UF: I think to answer this question, we have to go back to the past a little. So if we look at how the AKP government actually shifted to a more authoritarian style of politics, we have to see that what you are hinting at, this conjuring up of a threat, was used precisely to strengthen the AKP's government. If we think of the elections in 2015, that was precisely the case. Prior to the elections in 2015, the AKP had actually promoted a politics that was promoting liberal rights, stood for an opening of democracy, and as soon as the AKP realized that this more democratic politics was actually not benefiting its own party, was actually benefiting the left-wing Kurdish party, which had then gained 13 percent of the vote, and the AKP had lost its majority due to that, that's the moment when the AKP actually decides to divert from its more democratic politics and leans into this authoritarian and violent politics at the time. So, yes, this conjuring up is not something that happened right now in this election but has been there since at least 2015 when it chose this path, the more authoritarian path of politics.
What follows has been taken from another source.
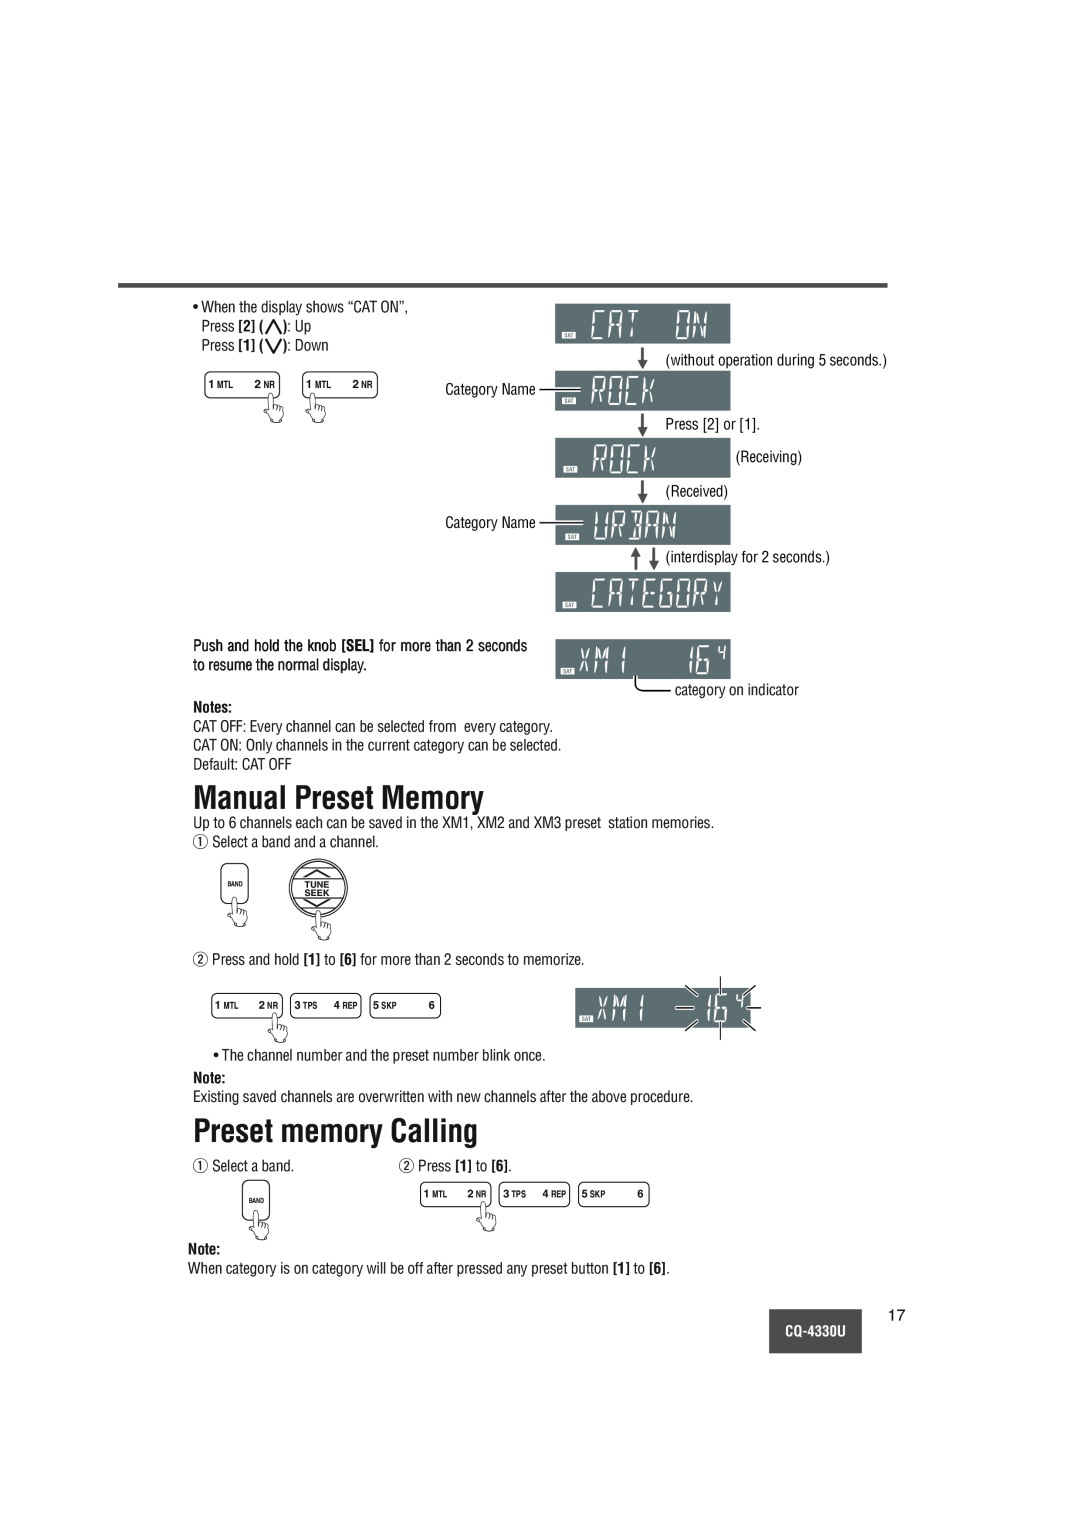 Panasonic CQ-4330U manual Manual Preset Memory, Preset memory Calling

SR: And to what extent do you think the foreign policy stance which Erdoğan has taken contribute to his success? So the perception that he didn't give in to Western pressure to support Ukraine, did that bolster his strongman image because he maintained an independent foreign policy and a pro-Putin position despite Turkey's NATO membership, which came as a surprise to many. And he supplied arms to Ukraine but also got cheap oil from Russia. And managed to broker, or at least get the credit for being the prime mover and shaker behind the deal, which allowed Ukrainian ships to deliver grain to countries, especially in the Global South, who were dependent on it. And that gave him, at least in other parts of the world, quite a positive image. Did that play a role in the domestic politics in Turkey?
UF: Absolutely. The Turkish current government has often been referred to as a kind of mafia state. It takes hostage, and pressurizes its counterparts, right? And the war in Ukraine has done exactly that, gave him this bargaining power, right? And the voters see that, they acknowledge his power to as a global player. And not even just his voters, even the opposition can credit him for this in some regard. This is a very typical characteristic for soft authoritarian strategies, it's extremely flexible. It shows how you use this strategy, you build up the power, you can withdraw if you want, and you can try and pick up this strategy again later on.
SR: So Ulrike, one thing which came as a surprise to me as someone who's been watching Turkish politics from the outside, of course, is the fact that in this election, anti-migrant rhetoric took center stage on all sides especially also from the opposition who raised this first. Turkey has taken in hundreds and thousands of Syrian migrants. They have been living in Turkey, working in Turkey, and suddenly this became a major electoral issue although it was Erdoğan who had also made a deal with Brussels, with EU to police EU borders by keeping migrants away and getting millions to do so for them to settle in Turkey instead of these migrants reaching European shores in Greece, for example. So, there's been a large presence of migrants in Turkish cities for many years. And my feeling was that compared to a lot of European anti-migrant rhetoric, this had never been a major political issue in Turkey until it was made into one in this election, and surprisingly, from the oppositional candidate who was the liberal pro-European one.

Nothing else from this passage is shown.